Question

A body slides down an inclined plane of angle of inclination 30\(^\circ\) with a constant velocity of 10 ms\(^{-1}\). If the body is pushed up the same plane with a velocity of 20 ms\(^{-1}\), the distance moved by the body before coming to rest is (acceleration due to gravity = 10 ms\(^2\))

• A. 10 m
• B. 15 m
• C. 20 m
• D. 30 m

Hint:

When dealing with inclined planes, always consider the components of gravitational force along and perpendicular to the plane.

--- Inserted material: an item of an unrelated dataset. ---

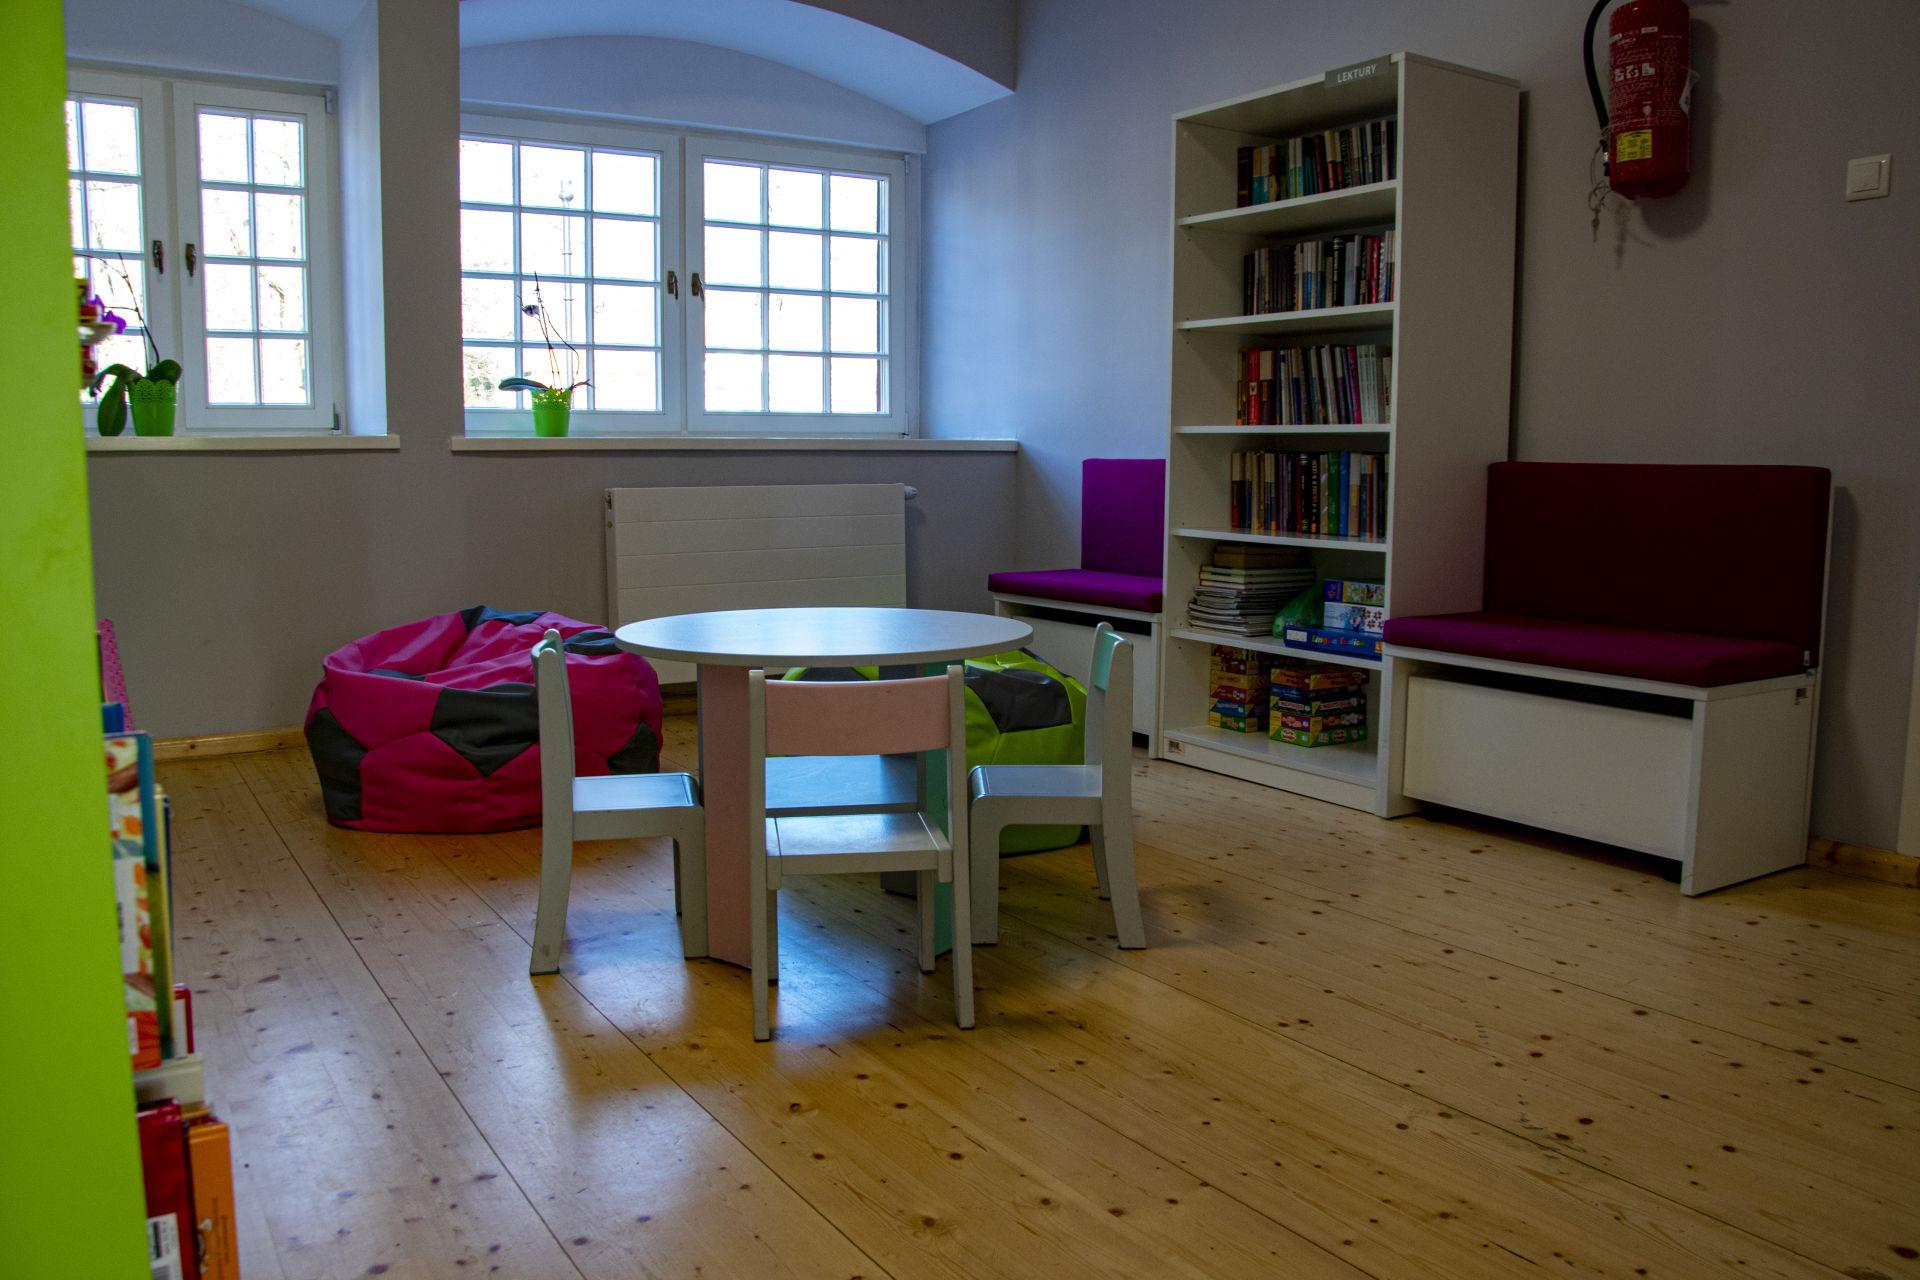 Na środku pokoju stolik z krzesełkami, obok dwie pufu w kształcie piłek na przeciwko stolika regał z książkami, obok ławeczka

Friction plays a crucial role in determining the motion of the body.

Answer 1

The Correct Option is C

Given: Angle of inclination, \(\theta = 30^\circ\)
Constant velocity while sliding down, \(v = 10 \, {ms}^{-1}\)
Initial velocity while pushing up, \(u = 20 \, {ms}^{-1}\)
Acceleration due to gravity, \(g = 10 \, {ms}^{-2}\) Step 1: Determine the acceleration while sliding down Since the body slides down with a constant velocity, the net acceleration along the incline is zero. This implies that the component of gravitational force along the incline is balanced by the frictional force. \[ mg \sin \theta = \mu mg \cos \theta \] \[ \tan \theta = \mu \] \[ \mu = \tan 30^\circ = \frac{1}{\sqrt{3}} \] Step 2: Determine the acceleration while pushing up When the body is pushed up the incline, the net acceleration \(a\) is given by: \[ a = g \sin \theta + \mu g \cos \theta \] Substituting the values: \[ a = 10 \sin 30^\circ + \frac{1}{\sqrt{3}} \times 10 \cos 30^\circ \] \[ a = 10 \times \frac{1}{2} + \frac{1}{\sqrt{3}} \times 10 \times \frac{\sqrt{3}}{2} \] \[ a = 5 + 5 = 10 \, {ms}^{-2} \] Step 3: Calculate the distance moved before coming to rest Using the equation of motion: \[ v^2 = u^2 + 2as \] Where: - Final velocity, \(v = 0 \, {ms}^{-1}\) - Initial velocity, \(u = 20 \, {ms}^{-1}\) - Acceleration, \(a = -10 \, {ms}^{-2}\) (negative because it is decelerating) \[ 0 = (20)^2 + 2(-10)s \] \[ 0 = 400 - 20s \] \[ 20s = 400 \] \[ s = \frac{400}{20} = 20 \, {m} \] Final Answer:
20 m